Concepts

Architecture

How yoink's modules fit together — fetcher, parser, scheduler, rate limiter, robots checker, checkpoint, storage.

docs/concepts/architecture.mdx·edit on github ↗·

yoink is built as a small graph of single-purpose modules. Each one does one thing, and the Crawler is the conductor that wires them together.

The components

ModuleResponsibility
CrawlerOwns the worker pool, drives the crawl loop, persists results.
FetcherAsync HTTP client (aiohttp). Up to 3 attempts with exponential backoff on ClientError; immediate retry on TimeoutError; HTTP errors (4xx/5xx) returned as-is, not retried.
PlaywrightFetcherBrowser-based fetcher for JS-heavy sites.
create_fetcherFactory function in fetcher_factory.py. Returns PlaywrightFetcher when render_js=True (and Playwright is importable), Fetcher otherwise.
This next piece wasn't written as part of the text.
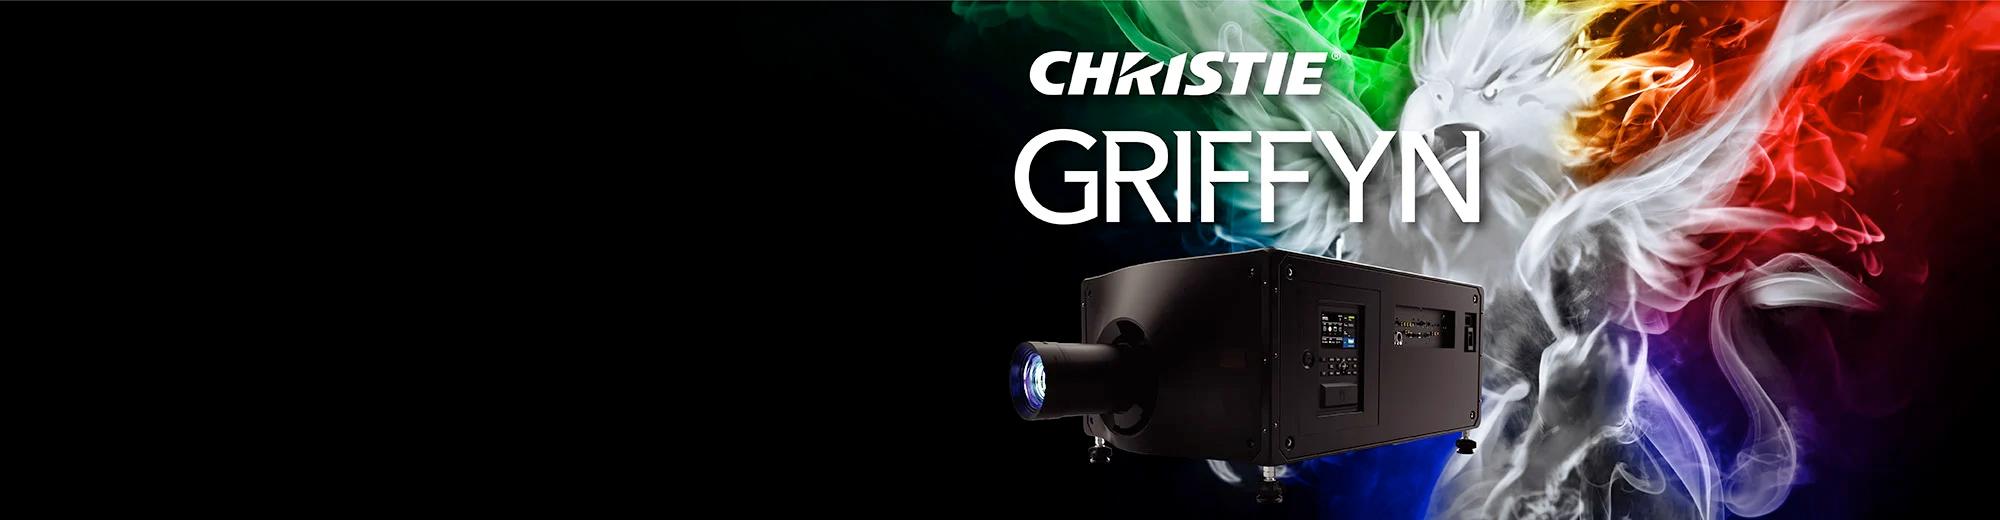 Christie Griffyn 4K32-RGB webbanner

Emits UserWarning and falls back to Fetcher if render_js=True but Playwright isn't installed.
ParserHTML → title, links, metadata (BeautifulSoup + lxml).
ExtractorHTML → clean text via trafilatura.
SchedulerURL queue, depth tracking, deduplication, filter integration.
RateLimiterPer-domain token bucket with Crawl-delay support.
RobotsCheckerFetches & caches robots.txt, answers is_allowed(url).
URLFilter / DomainFilter / CombinedFilterGlob/regex/extension/domain matching (filters.py).
CheckpointManagerAppend page records and crawl state to a CheckpointStorage.
CheckpointStoragePluggable backend (local file, S3).
WriterFinal-output serialization (JSON, JSONL, Parquet, text).
CrawlStatsPost-crawl analysis (depth, domains, content quality).

Lifecycle of a crawl

crawler / worker loopcrawler.py

▸ setup (run once)

01

Scheduler.add(start_url, depth=0)

seed the queue with the start URL

02

spawn N workers

max_concurrency coroutines, each running the inner loop

▸ inner loop · per URL · per worker
01

RateLimiter.acquire(domain)

wait for a token in the per-domain bucket

02

RobotsChecker.is_allowed(url)

fetch & cache robots.txt, evaluate rules

03

Fetcher.fetch(url) → html, status

aiohttp or Playwright, depending on render_js

04

Parser.parse(html) → title, links, metadata

BeautifulSoup + lxml

05

Extractor.extract(html) → text

trafilatura, optional

06

CheckpointManager.write_page(page)

JSONL append to disk or S3

07

Scheduler.add(link, depth+1) for link in links

enqueue children, dedup against visited

repeat until queue is empty
async workers run the same inner loop. exit when queue empty AND no in-flight work.

Why this shape?

Async workers, not threads. Crawling is I/O bound. asyncio lets one process handle hundreds of concurrent requests without the overhead of OS threads.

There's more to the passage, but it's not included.